# PigMania Lima, Lima, OH - May 29 - 30, 2015



## dan2446 (Nov 19, 2014)

Community Computer Alliance is proud to announce our First Annual series of KCBS sanctioned PigMania Barbecue Contests.

This contest is brought to you by organizers who have both competed in and judged KCBS contests around the country.

5000.00 in cash prizes
www.pigmaniabbq.com

Event Details for Teams:
. Free Friday Dinner
. Free Saturday Breakfast
. Electric easily accessible
. Water easily accessible
. Close to shopping

We are hopeful that our years on the BBQ circuit will help us make this a great contest for everyone involved!


All procedes benefit:
Community Computer Alliance (CCA) is a 501(c) 3 nonprofit organization that empowers individuals, improves our communities, and aids in conserving our world – one computer at a time.

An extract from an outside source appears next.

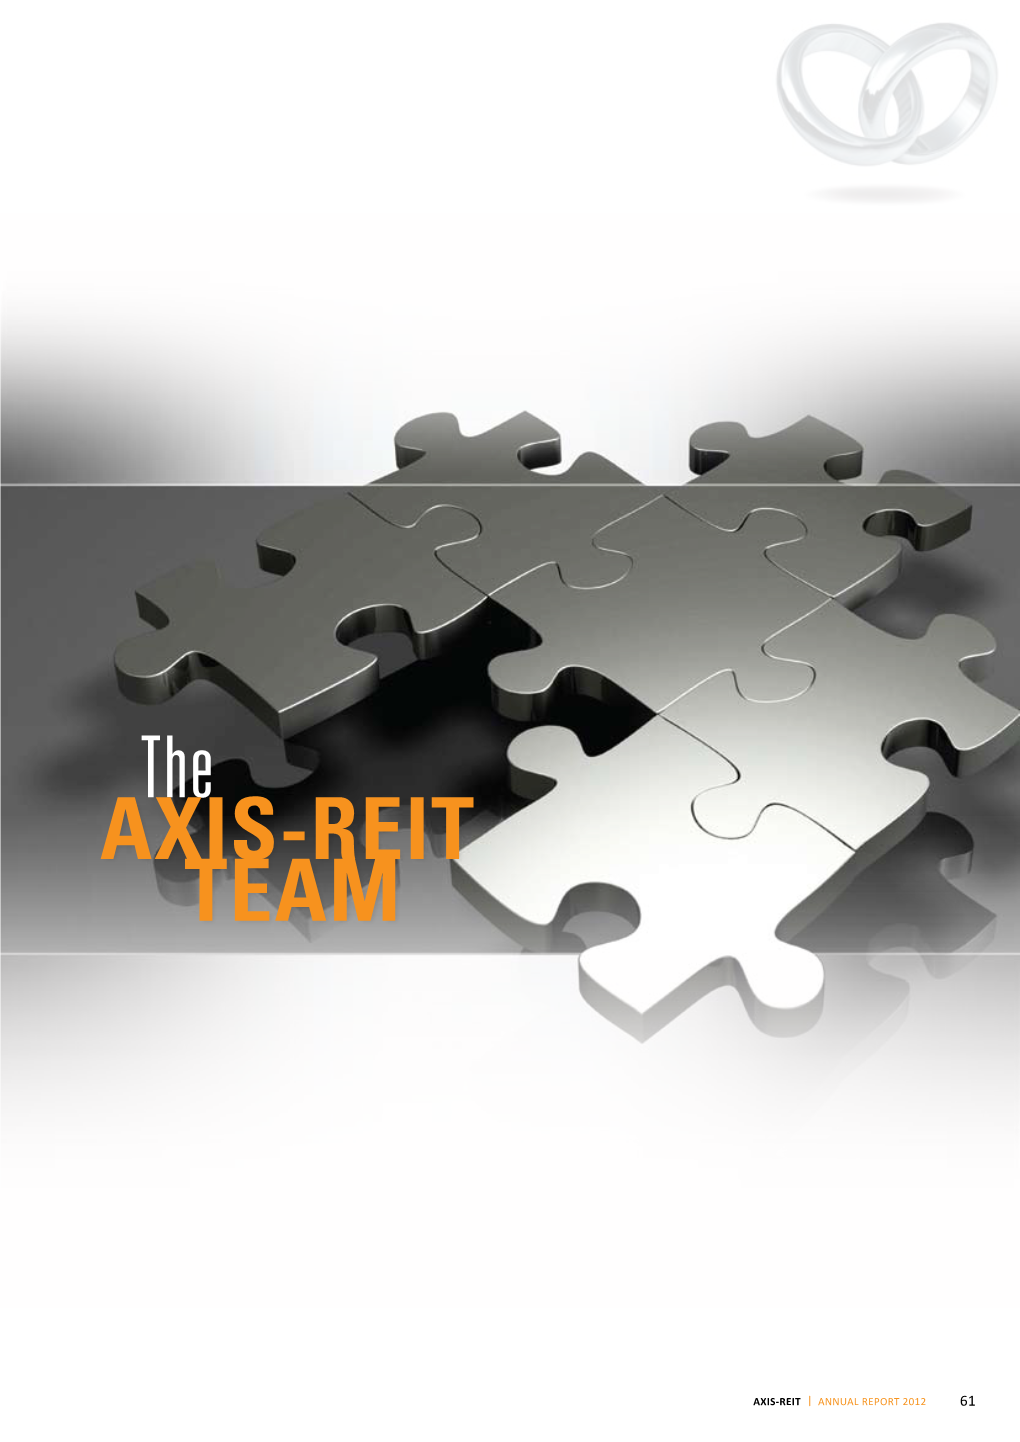 The AXIS-REIT TEAM

CCA provides individual workforce development training for individuals with Autism and other developmental disabilities with partner organizations, including Embracing Autism and Food for Good Thought.

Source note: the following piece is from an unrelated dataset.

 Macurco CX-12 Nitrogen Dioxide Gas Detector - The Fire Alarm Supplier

CCA’s job skills training program is directly fueled by our licensed and bonded electronic recycling services, providing the highest asset management standards to our generous corporate and individual donors.

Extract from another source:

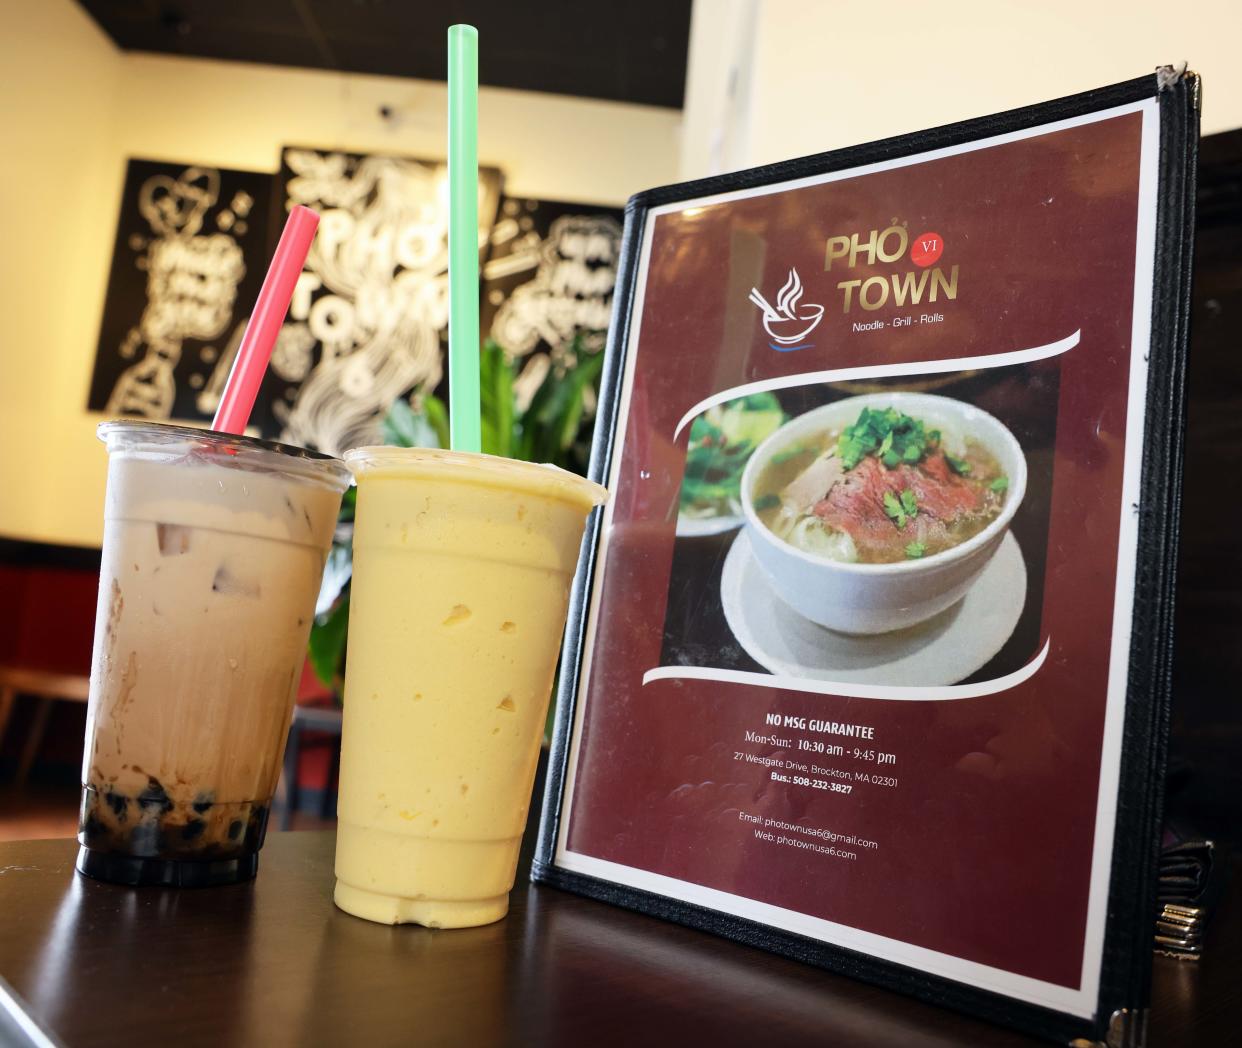 Pho Town 6 Vietnamese restaurant, 27 Westgate Drive, Brockton, on Wednesday, Sept. 21, 2022.

CCA regularly donates refurbished electronics to nonprofit organizations in our communities to, in turn, help fulfill their missions.

For more information on Community Computer Alliance please goto www.ccompa.org


----------



## dan2446 (Nov 21, 2014)

Cook Teams:

So far out of 22 judges we have more than 80% Master Certified Judges.
Our judges combined have judged more than 1200 KCBS certified contests

That's a whole lot of experience to give you the best possible outcomes for the hard work you put into preparing your entries.
Sign up early for discounts!
www.pigmaniabbq.com


----------



## ryno21 (May 5, 2015)

Anyone going to this?  I think I will check it out.


----------